Files
localgenai/qwen-large-codebase-roadmap.md
noisedestroyers a29793032d Document current coding-workflow stack state
Snapshot of where opencode + Qwen3-Coder + MCPs + Kimi-Linear + voice
  + Phoenix tracing land today, plus in-flight (oc-tree, kimi-linear
  context ramp) and next (ComfyUI) items with pointers to per-project
  NEXT_STEPS.md guides.
2026-05-10 21:14:43 -04:00

3.2 KiB

Qwen Large Codebase Roadmap

This document outlines recommendations for working with large codebases using opencode and your existing vector database setup.

Current Setup

  • Large codebase enriched by large-context LLM
  • Vector database for searching codebase
  • Opencode with existing MCP servers (Playwright, SearXNG, Serena, Basic-memory, Sequential-thinking, Task-master)

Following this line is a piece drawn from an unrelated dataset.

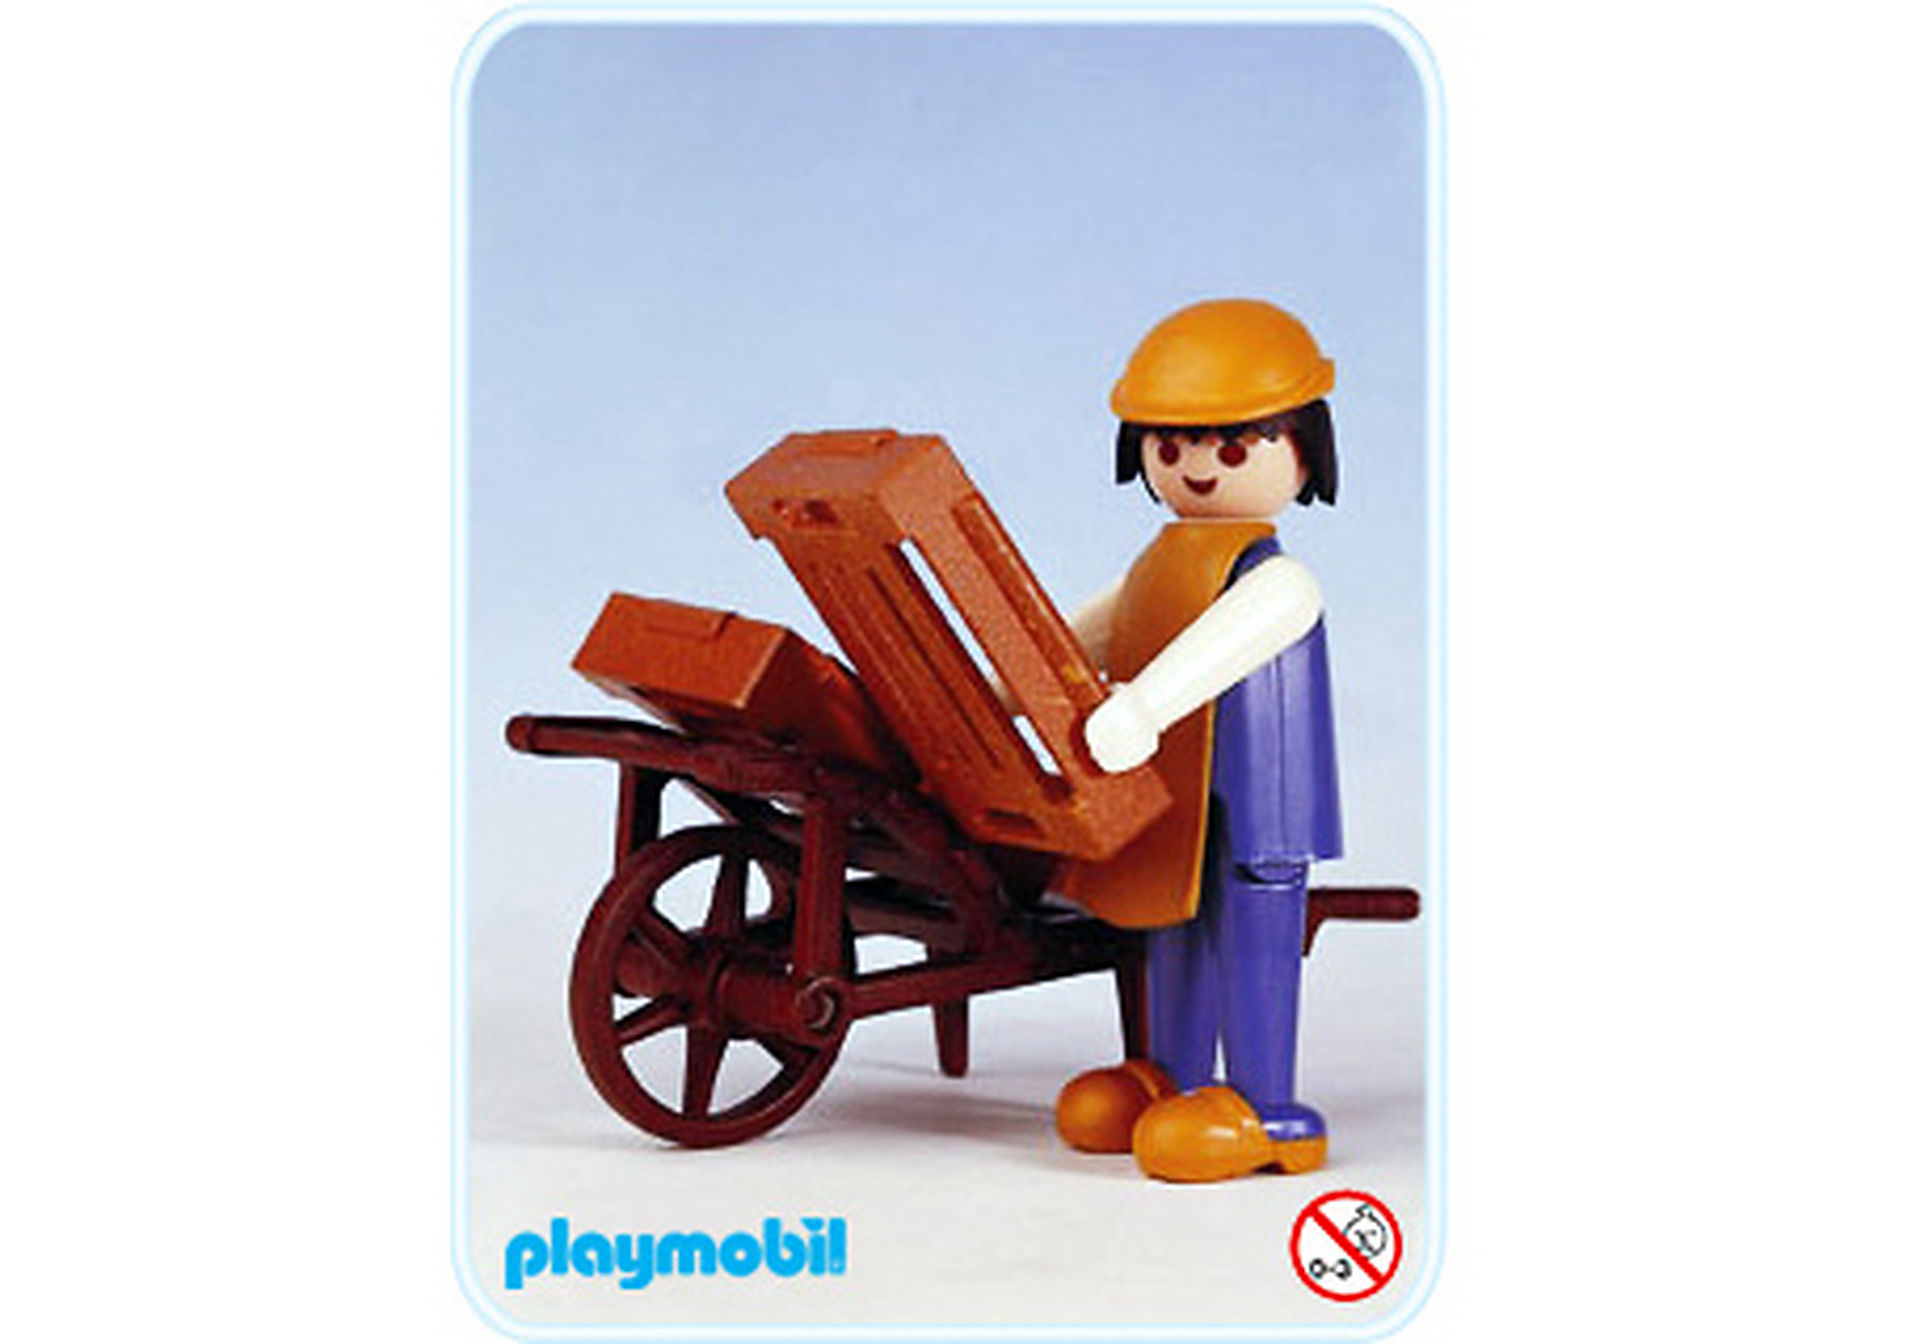 http://media.playmobil.com/i/playmobil/3369-A_product_detail/Artisan / brouette

1. Continue.dev Integration

  • Purpose: Better codebase indexing and search with nomic-embed-text
  • Benefits: Inline completion support, enhanced code understanding capabilities
  • Implementation: Deploy continue.dev alongside existing setup

2. Enhanced RAG Implementation

  • Purpose: Leverage vector DB for efficient codebase navigation
  • Approach:
    • Custom MCP server that queries your vector DB for relevant code sections
    • Cited search variants for precise code reference retrieval
  • Integration: Combine with existing symbolic search from Serena MCP

3. Structured Workflows

  • Purpose: Organize complex projects and search activities
  • Tools:
    • Task-master MCP for task management
    • Workflow patterns that tie vector DB queries to specific tasks
  • Benefits: Better tracking of search results and implementation progress

4. Memory Management

  • Purpose: Persistent documentation of codebase insights
  • Approach:
    • Leverage basic-memory MCP for notes tied to vector DB queries
    • Create patterns for documenting important code patterns, API decisions, and insights
  • Integration: Connect memory entries to specific vector search results

5. Monitoring Integration

  • Purpose: Track performance of vector database queries
  • Tools:
    • Phoenix tracing for performance monitoring
    • Track tool usage patterns for optimizing search strategies
  • Benefits: Visibility into query efficiency and system performance

6. Code Navigation Enhancement

  • Purpose: Combine vector search with symbolic navigation
  • Approach:
    • Use Serena MCP for symbolic code navigation
    • Augment with vector search results for context
  • Integration: Create hybrid search approaches that use both methods

Implementation Approach

  1. Phase 1: Install continue.dev for enhanced code understanding
  2. Phase 2: Set up vector DB query tools as custom MCP servers
  3. Phase 3: Create patterns for combining vector search with symbolic navigation
  4. Phase 4: Implement persistent memory patterns for documenting findings
  5. Phase 5: Establish monitoring and optimization practices

Key Integration Points

Vector DB + Opencode

  • Use vector database queries to find relevant code sections
  • Combine with symbolic search for complete context understanding
  • Enable citation-based referencing of code locations
  • Document search results in basic-memory
  • Create connections between vector DB entries and memory notes
  • Maintain a searchable knowledge base of codebase insights

Monitoring + Performance

  • Track query performance through Phoenix
  • Optimize search strategies based on usage patterns
  • Monitor system efficiency as complexity scales

This roadmap provides a gradual approach to enhancing your codebase management capabilities while leveraging your existing infrastructure.